2) Working with Veterans
web search: Homelessness in America: This web site is about what risk factors that lead to veterans becoming homeless and what population group is at higer risk and findings interventions to solve and aid in homelessness.

3) Diabetes among Native American Indians
web search: Native Americans and Diabetes: This web site is about awareness of diabetes among the Native American population. Awareness of diabetes for prevention and intervention and changing life styles of Native American Indian communities. Pros and cons of what prevention and intervention will work.
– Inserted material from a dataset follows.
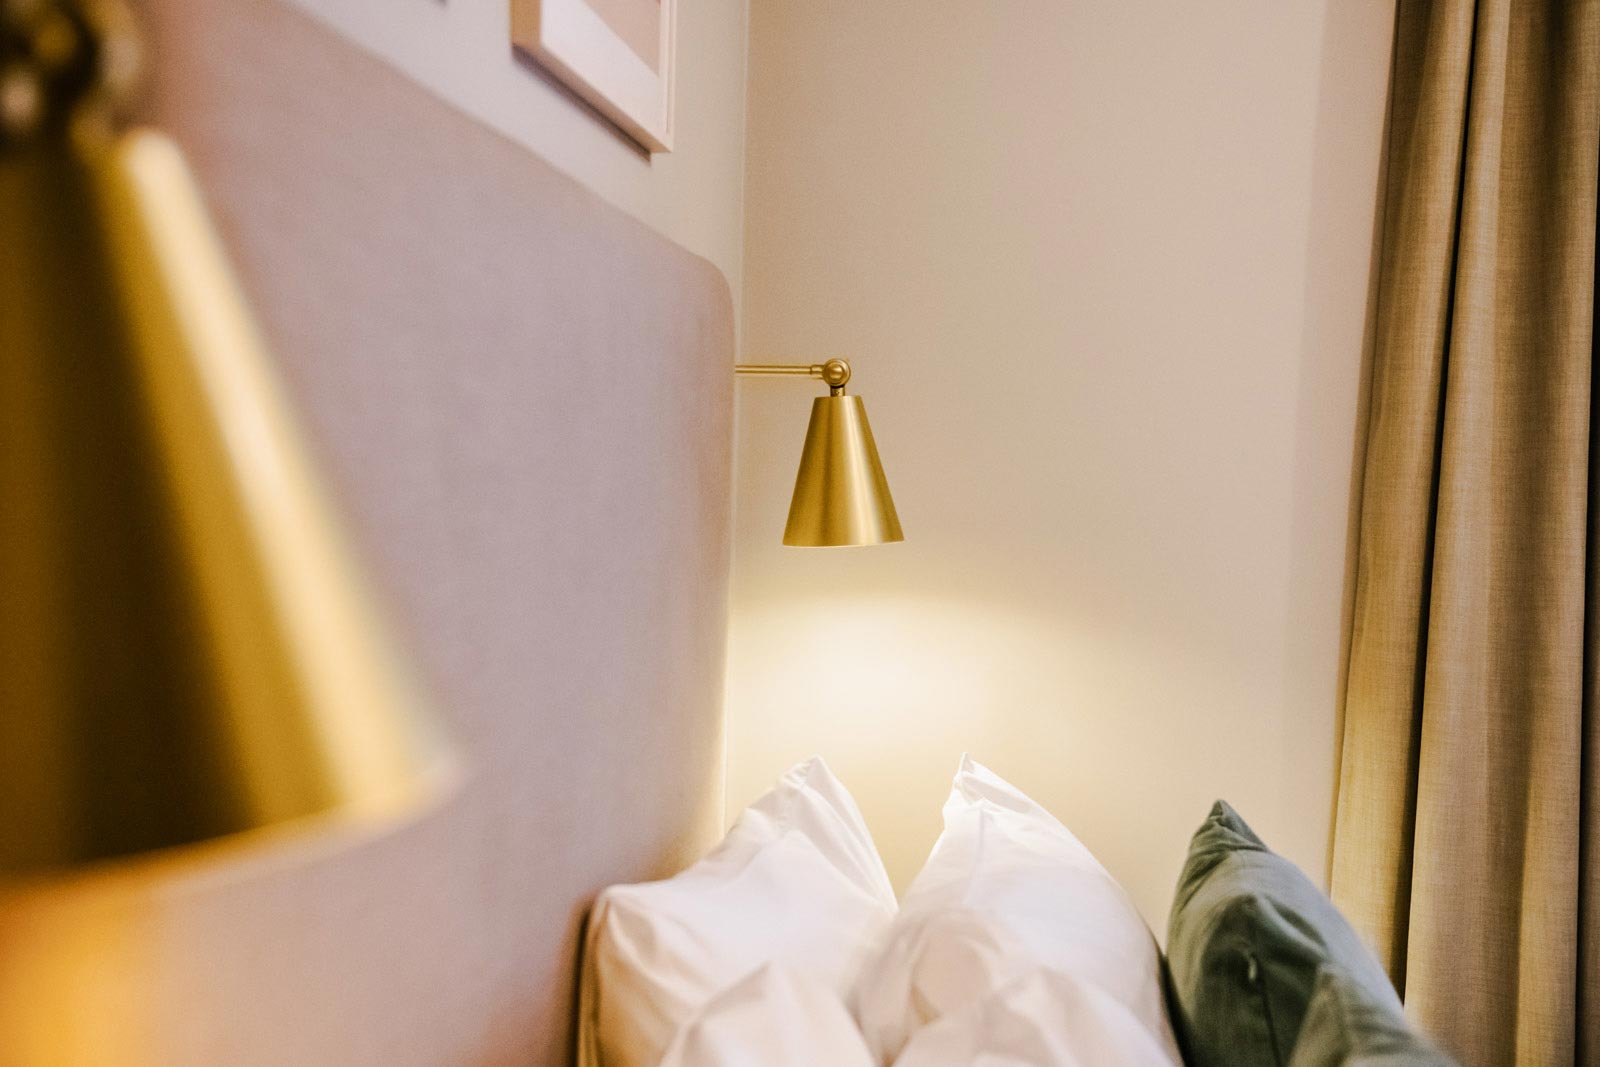 Brass Wall Lights Dress the Bedroom Suites of this Serviced Aparthotel
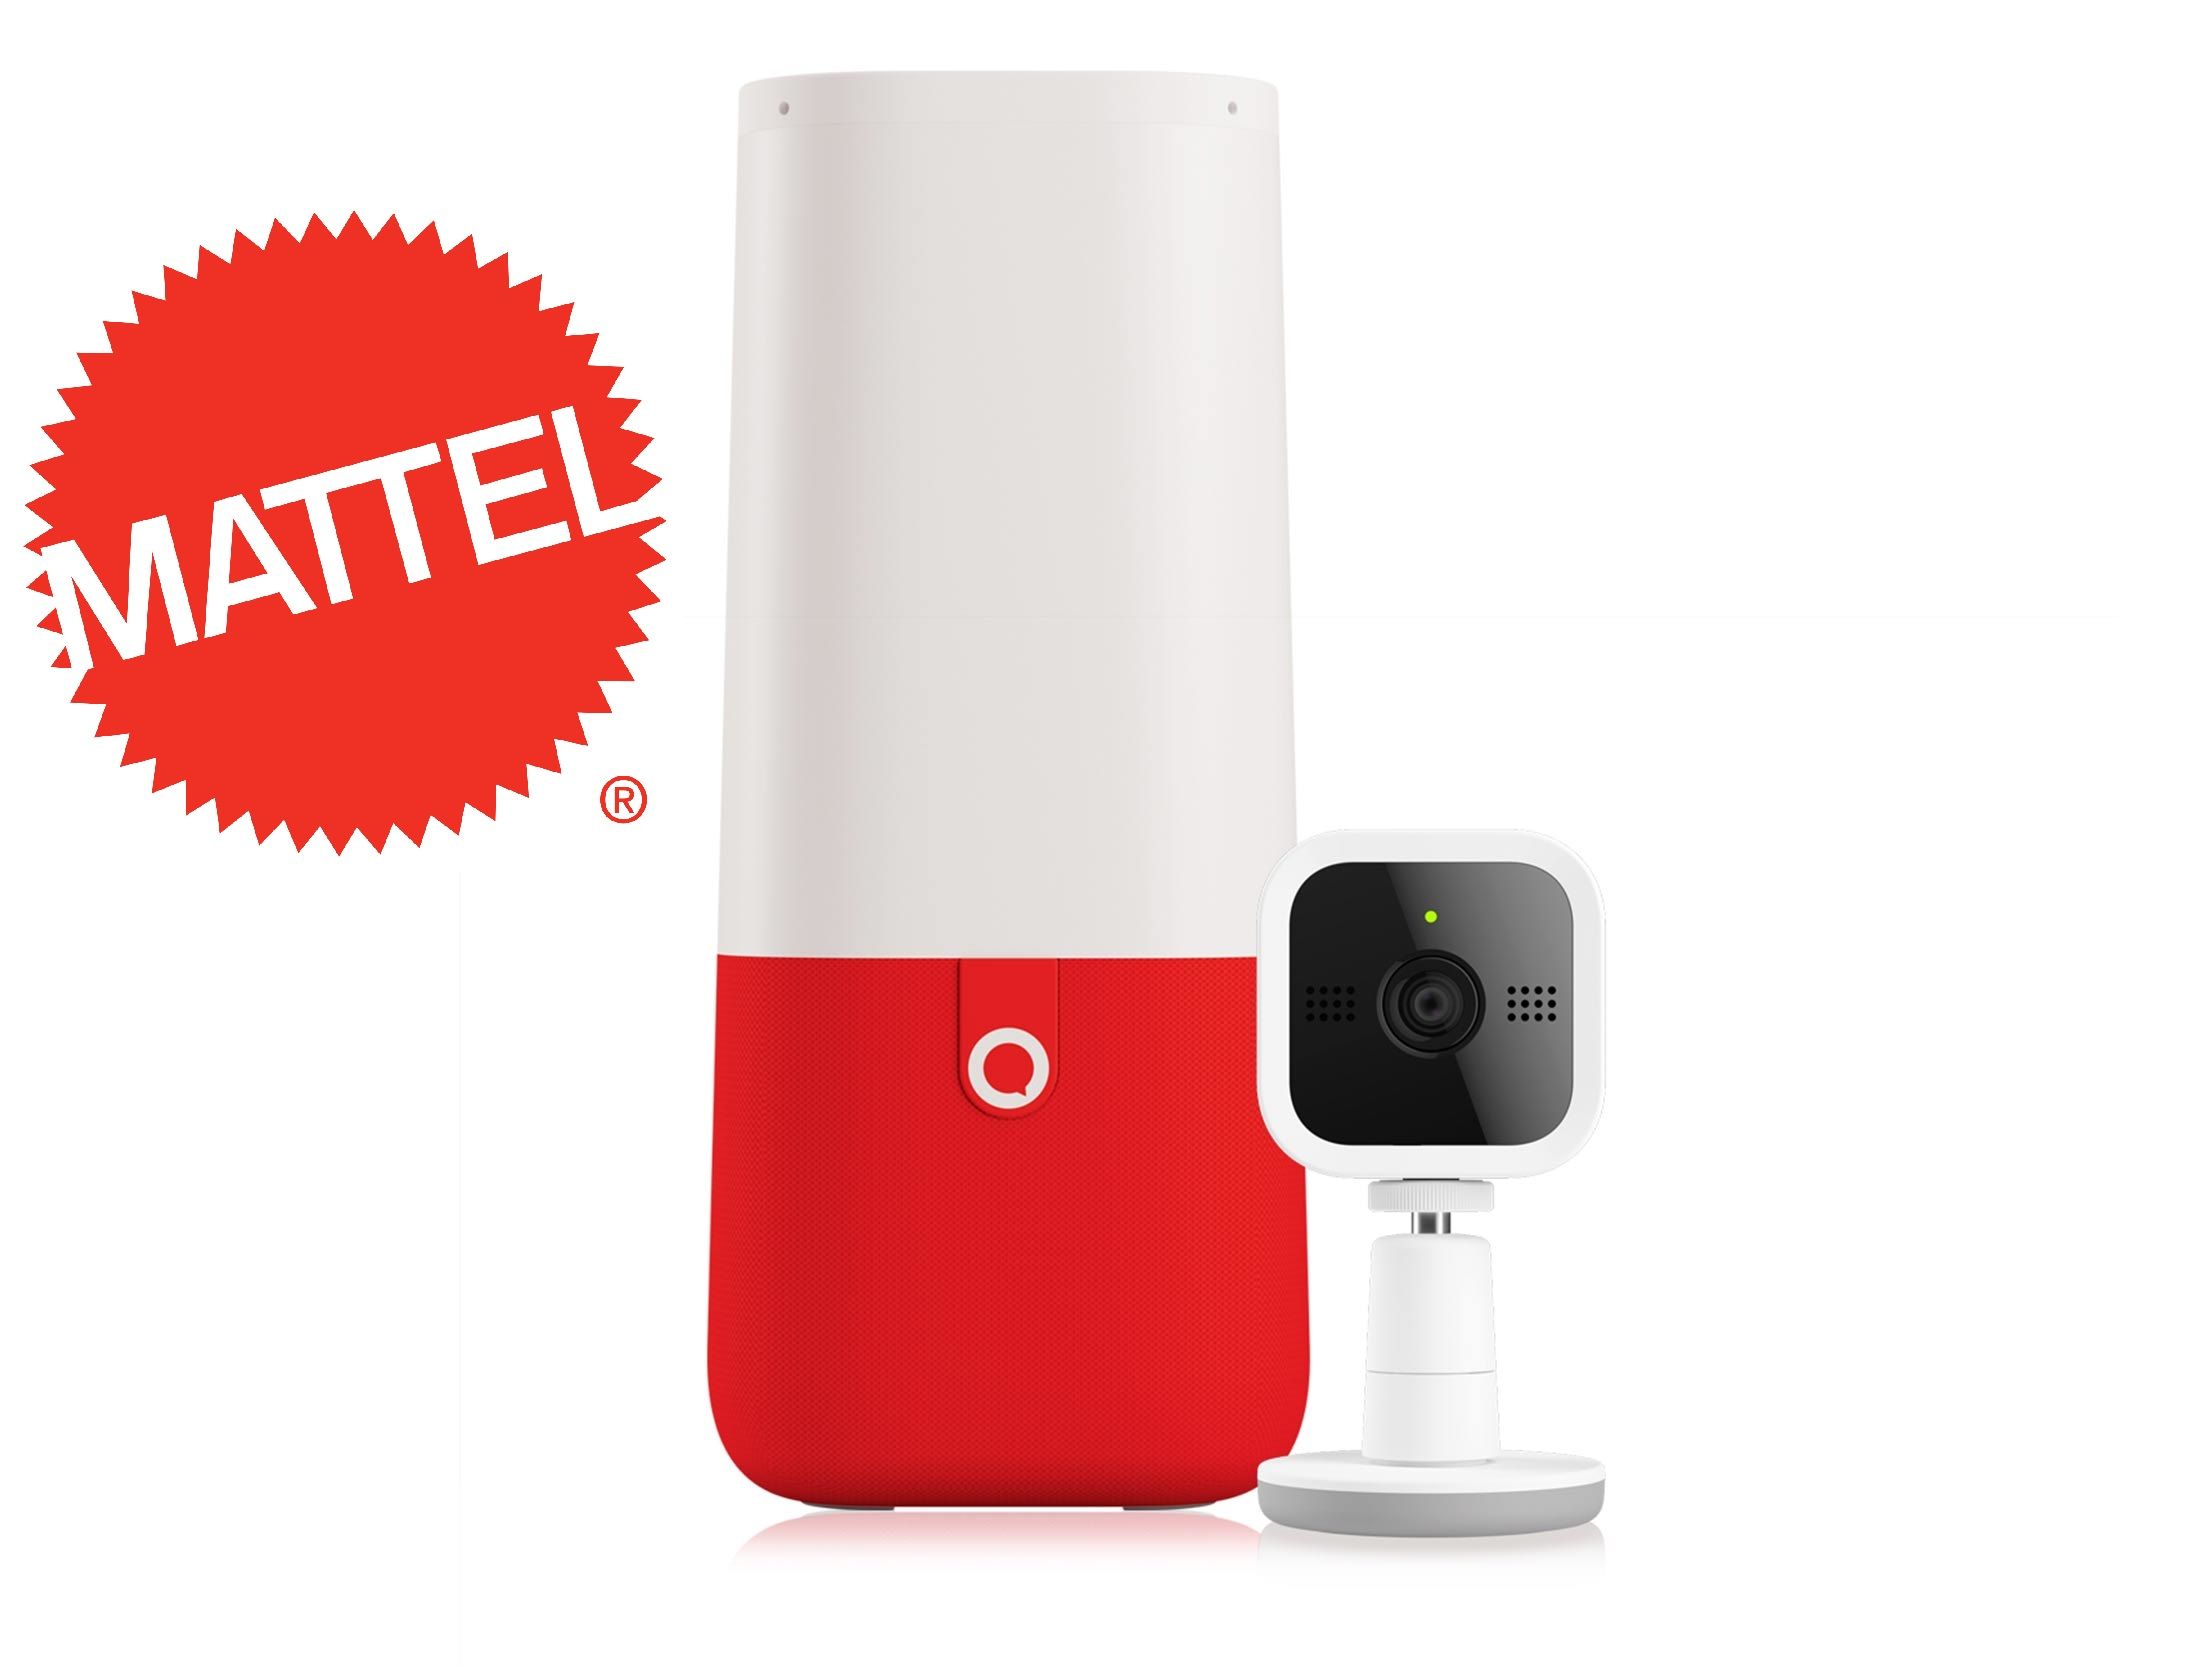 mattel’s aristotle is an amazon echo style speaker aimed squarely at your kids image 1

This so hard to chose, but in the end I will get more internet search support with the Diabetes among Native American Indians as to why the rate of diabetes is continously increasing even with implentation of prevention and interventions.

Monday, June 8, 2009

Reading Response #1: Reader Response

Irene Holmes
Ms. Darrow
ENG 140
7 June 2009
Reading Response #1: Reader Response
Love of My Life
The short essay, The Love of My Life by T.C. Boyle is about two young high school couple, China and Jeremy who both are madly in love with each other and appeared inseparable. As summer breaks the couple have more time to spend with each other before parting to two different colleges in the fall. A moment of heated passion by the lake will change their lives for ever. By fall, China goes off to college pregnant and so does Jeremy. China and Jeremy keep in touch by phone as months pass and one night China wakes up with her bed wet and in a lot of pain. China phones Jeremy and the couple meet a motel, where a new nightmare begins. China has her baby in a motel and Jeremy get rid of the baby by tossing it into a dumpster. The couple think they both solve their problem, but this is just a beginning of their new lives. Both pay a price by going to jail and being held a hostage at home with a house arrest anklet.
I enjoyed reading the short essay, The Love of My Life because the story takes a turn from being so romantic to a nightmare. The writer keeps the story realistic in time and place as the story takes place , especially China‘s pregnancy keeps up with the time line of the whole nine months of a pregnancy. Also the writer give a lot of details of where the event is taking place, “The rain, of course. It came midway through the third day, clouds the color of iron fillings, the lake hammered to iron too and the storm that crashed through the trees and beat at their tent with a thousand angry fist.” (Pg. 139).
My first reaction after reading the short essay, The Love of My Life was what ignorant and inhumane young couple. Spoiled kids who never think ahead and just live for the moment. It wants to make you slap them and tell them wake up. The story sort of give hints of what the couple may end up doing, like where it states, “And the sex. They were careful, always careful-I will never, never be like those breeders that brings their puffed-up squalling little red faced babies to class….but she had forgotten to pack her pills….” (Pg. 139). At this point I knew that China will probable get pregnant.
The short essay, The Love of My Life is written to entertain the audience because the story is not persuading or informing. It was about a romance that takes a turn and no matter what the case may be, China’s love for Jeremy is always there. The story begins by entertain the audience, “They wore each other like a pair of socks….their fingers were entwined, their shoulders touching, their hips joined in the slow triumphant sashay of love.” (Pg. 133) and ends the story with “She moved into his arms and they kissed,….He was Jeremy. He was the love of her life. And she closed her eyes and clung to him as if that were all that mattered.” (Pg. 152). Entertainment from beginning to the end.

Thursday, June 4, 2009

ENG 140

Hello, my name is Irene Holmes. I am of Lakota and Navajo descent. I am taking this course for nursing.

My three goals for the course are:
1)Being able to apply critical thinking when making decisions while doing patient care.
2)Expanding my vocabulary, I feel that I only know the very basic usage of English. (help)
3)Comprehend what I am reading, I get lost in reading alot.